Die effektive Antwort erfordert nicht nur Alarme, sondern auch eine Schnittstelle zu untersuchen und zu handeln: in der Lage, Ereignisse nach System, Art von Ereignis oder Benutzer zu filtern; Spuren, die anzeigen, welche Ressourcen aufgerufen wurden; und einfache Zugriff auf kontextuelle Informationen, um zu entscheiden, ob eine Sitzung zu trennen, Berechtigungen zurückzusetzen oder Privilegien zu blockieren vorübergehend. Mit konsolidierten Aufzeichnungen und Analyse-Tools beschleunigt die Forschung und reduziert die Belichtungszeit.
Klassische Maßnahmen wie Mail-Filter, Multifaktor-Authentifizierung und Zugriffskontrolle nach dem Prinzip des Minimum-Privilegs (PLP) bleiben unerlässlich und müssen die Grundlage jeder Strategie bilden. Nichts davon ist jedoch unfehlbar. Reifeorganisationen kombinieren Prävention mit identitätsbasierter Erkennung und fortlaufender Governance, so dass sie nicht nur von einem Mechanismus abhängen, der ein Eindringen vermeidet, sondern schnell erkennen kann, ob ein Ausfall vorliegt.

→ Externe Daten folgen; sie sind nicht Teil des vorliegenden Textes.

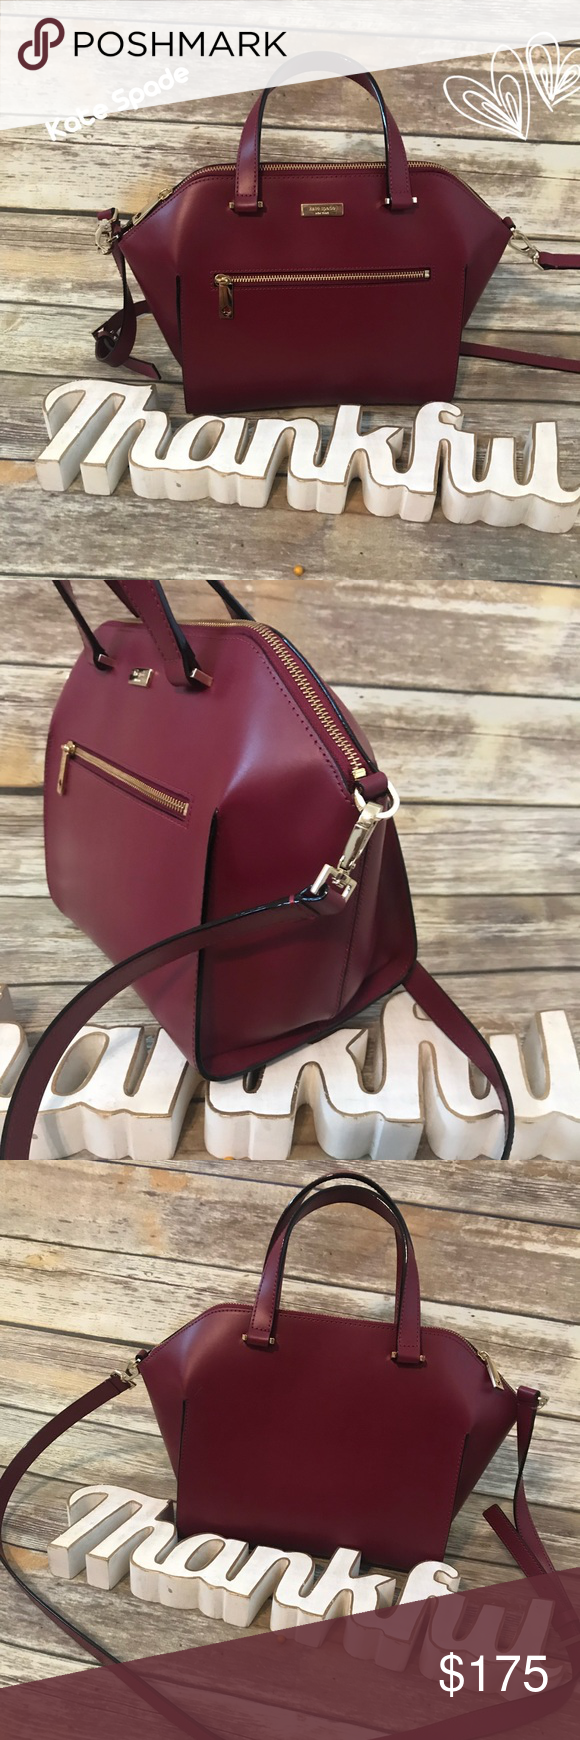 559862de368c Kate Spade Savannah Parliament Square Satchel❤ Beautiful and roomy bag Top  zipped closure smooth

Für IT- und Sicherheitsausrüstung bedeutet dies, in Plattformen zu investieren, die Identitäts-Governance (Rollenmanagement, hohe und niedrige Automatisierung, Zugriffs-Reviews) ohne zusätzliche Kosten pro Modul oder Feature mit Event-Audit- und Analysefunktionen integrieren. Eine einheitliche Lösung reduziert die operative Reibung und erleichtert den Sicherheitsbeamten schnelle Schlussfolgerungen über die Gesundheit der Identitätsumgebung.
Die Annahme solcher Lösungen hat auch einen kulturellen Vorteil: Sie zwingt Organisationen, Prozesse zu dokumentieren, zu standardisieren und Veränderungen zu ermöglichen und klare Workflows zu schaffen, um zu reagieren, wenn etwas als verdächtig angesehen wird. Es bietet auch Audits und Compliance-Kontrollen durch die Aufrechterhaltung einer Beratungsgeschichte, wer tat, was, wann und von wo.

Wenn Sie die Artikulation einer Identitäts-zentrierten Verteidigung vertiefen wollen, gibt es nützliche Ressourcen, die von der Industrie entwickelt werden, die helfen können, die Straßenkarte zu entwerfen: die Führer auf Multi-Faktor-Authentifizierung CISA, Artikel und Sicherheitstipps über Identität im Blog Microsoft Security, und TTPCs Analyse auf MITRE ATT & CK.
Wenn Sie auf der Suche nach einer praktischen Option sind, um Identitäts- und Event-Audit auf einer einzigen Plattform zu sammeln, gibt es Lieferanten, die benutzerdefinierte Demos und Touren anbieten, um zu zeigen, wie diese Konzepte in den täglichen Betrieb übersetzt werden. Der Schlüssel besteht darin, zu stoppen, zu reagieren und zu sehen, zu korrelieren und zu reagieren, bevor der Angreifer sein Ziel beendet.. Wenn Sie an einem Beispiel einer Plattform interessiert sind, die diese Fähigkeiten integriert, können Sie Tenfold konsultieren und eine benutzerdefinierte Demonstration auffordern 10fold.software.